## [WHAT THE TASK REQUIRES]
Copy the lines below, please, starting with the one that contains "795629 Carburetor Rebuild" and ending with the last. Pictures stay out.

## [INFORMATION SUPPLIED]
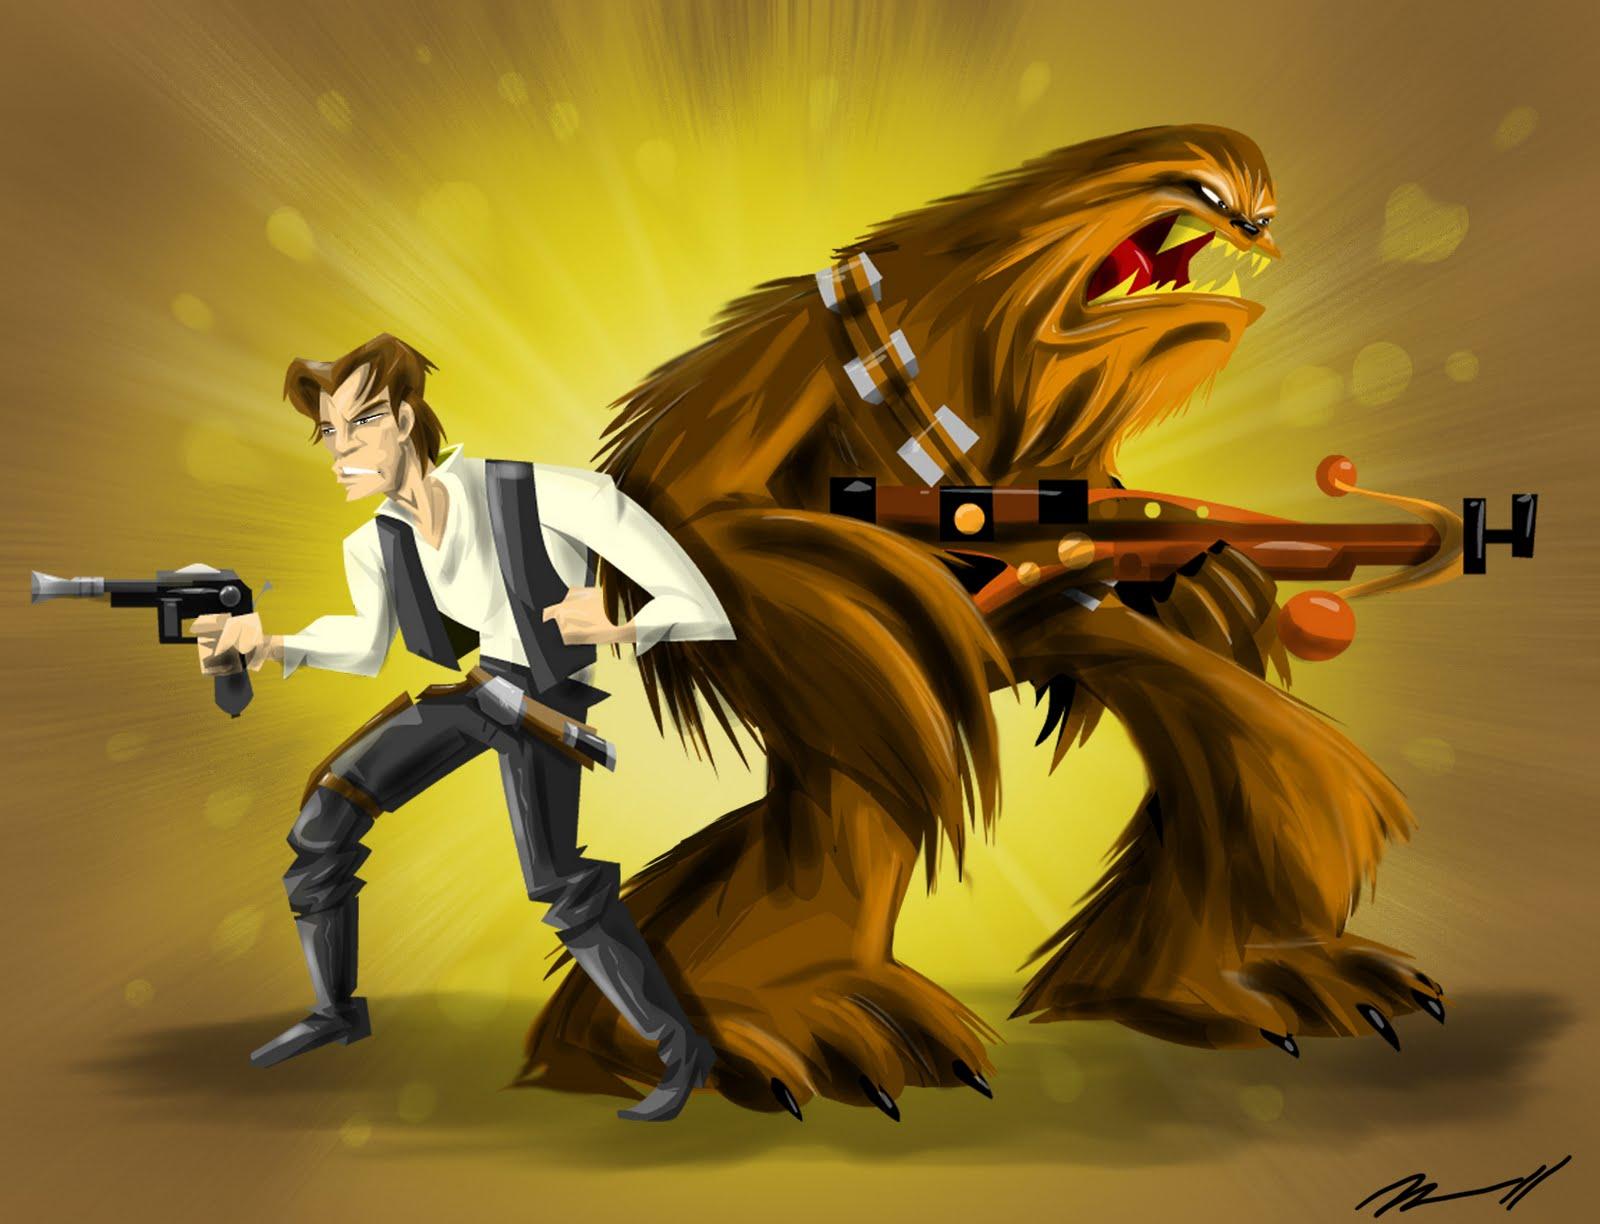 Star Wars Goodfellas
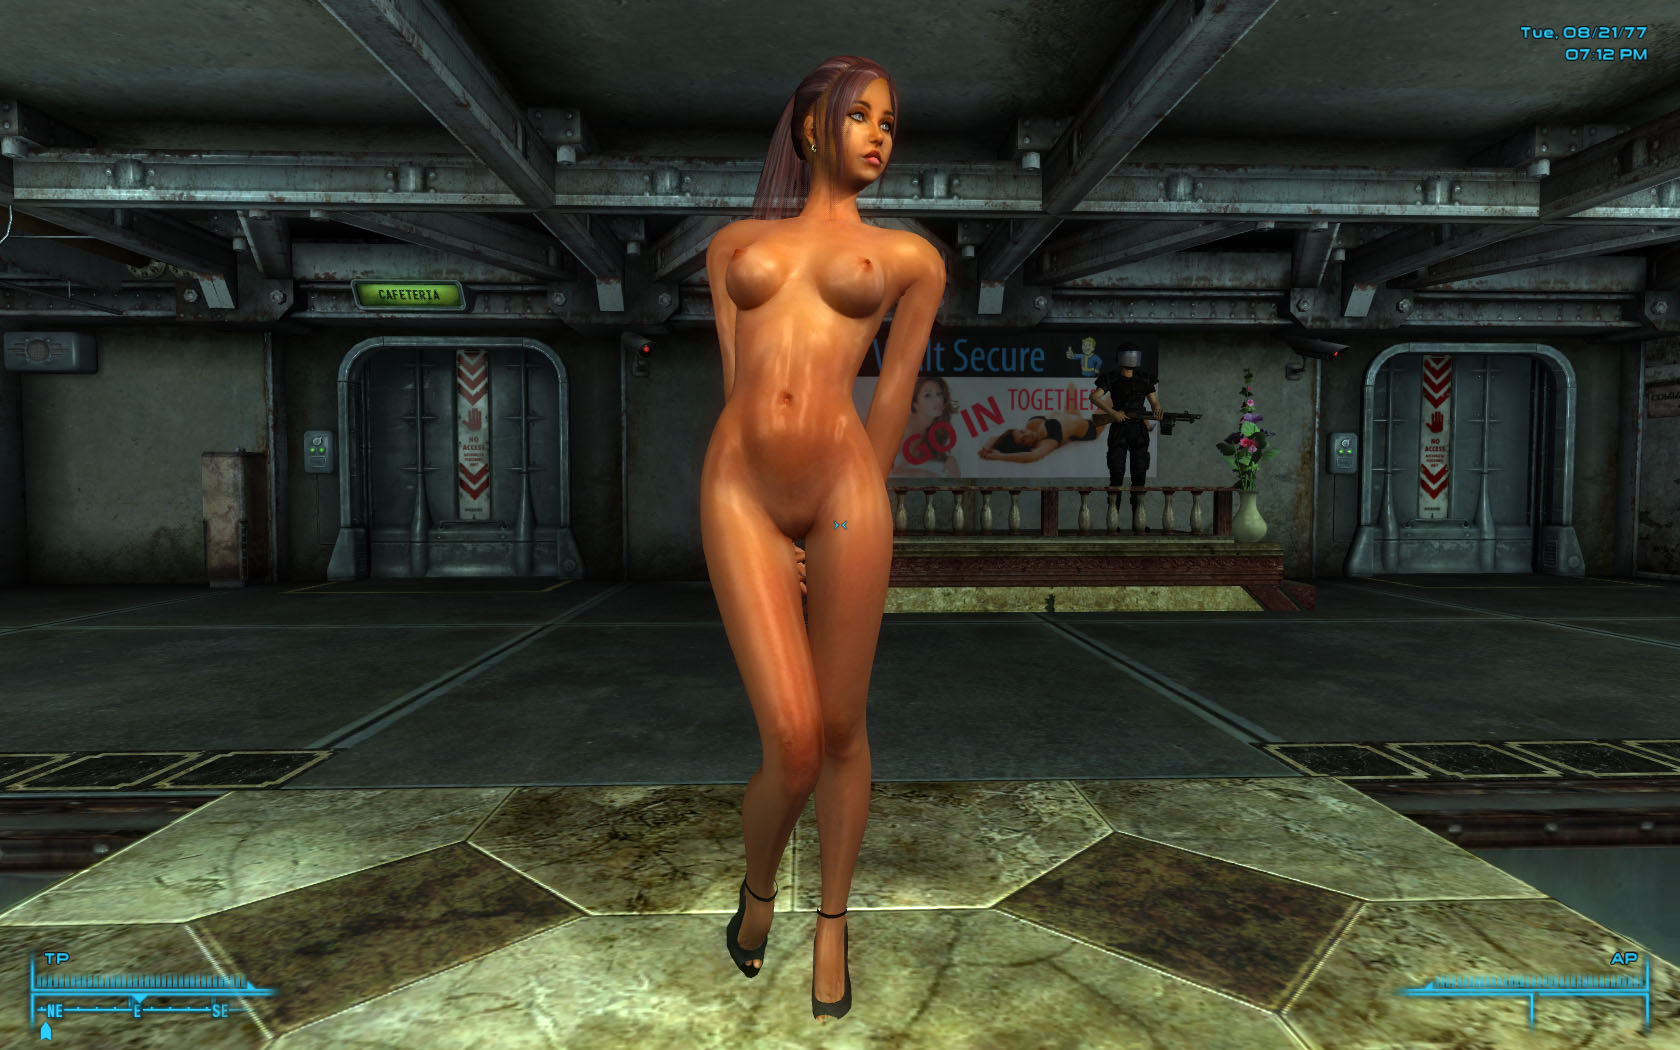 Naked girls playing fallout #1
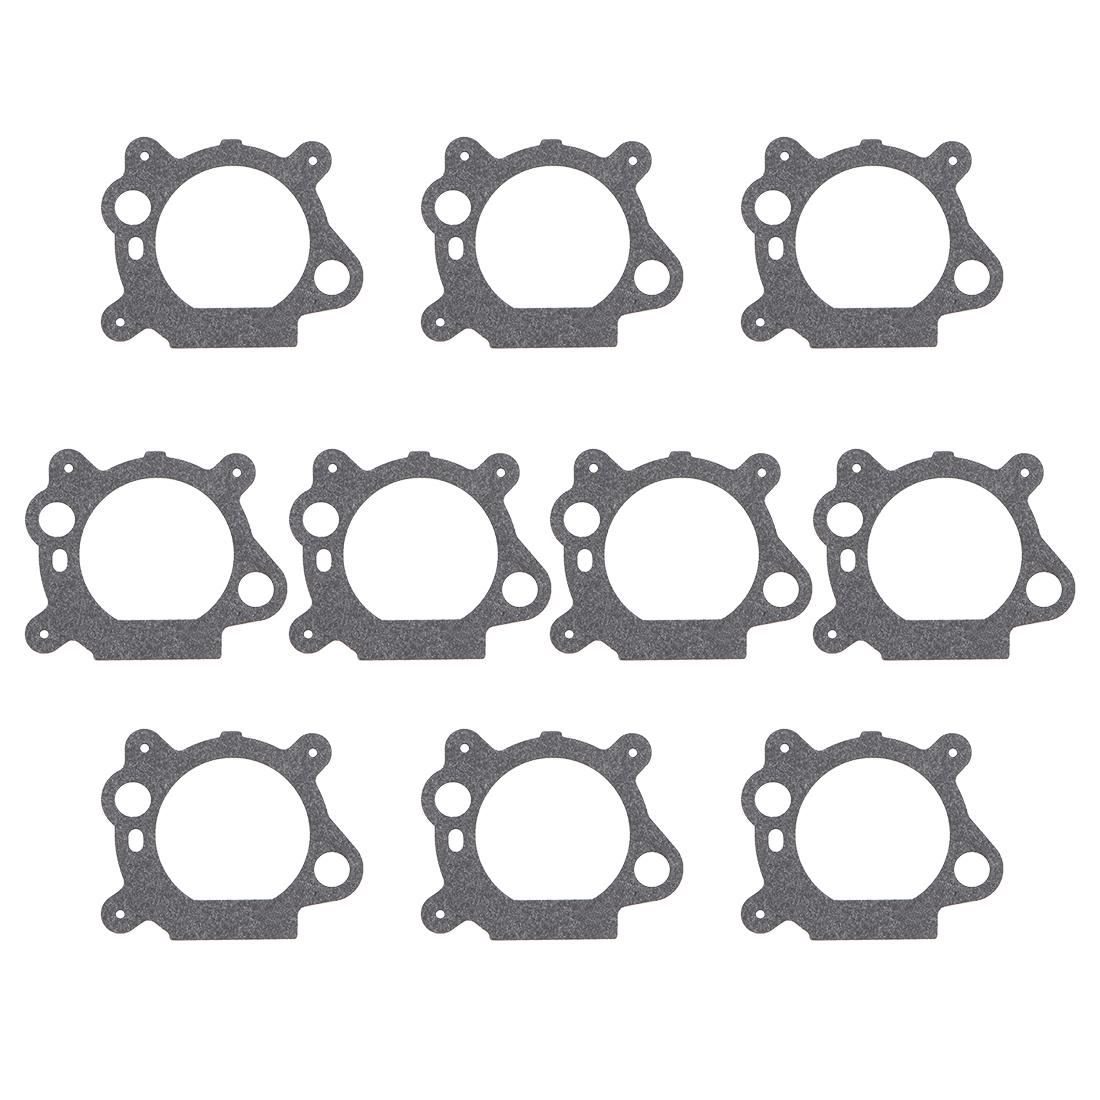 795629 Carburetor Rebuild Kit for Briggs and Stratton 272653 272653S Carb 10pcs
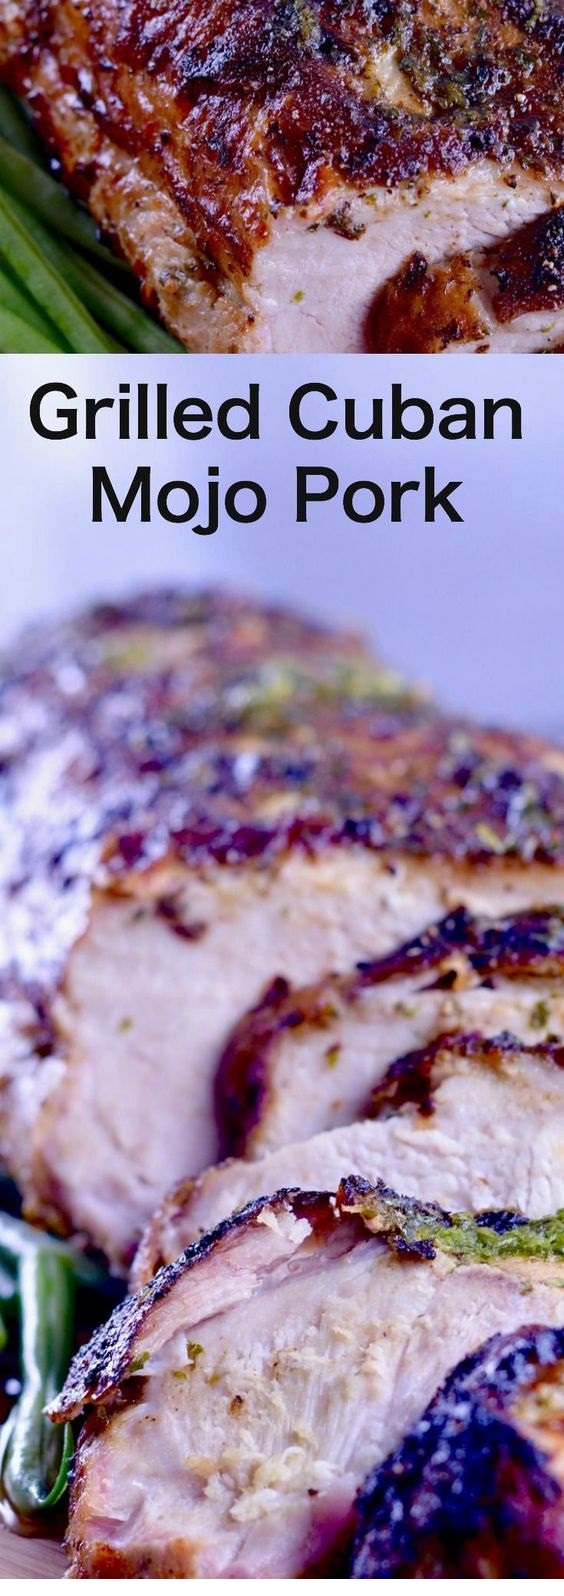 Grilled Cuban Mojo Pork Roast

## [EXPECTED OUTPUT]
 795629 Carburetor Rebuild Kit for Briggs and Stratton 272653 272653S Carb 10pcs
 Grilled Cuban Mojo Pork Roast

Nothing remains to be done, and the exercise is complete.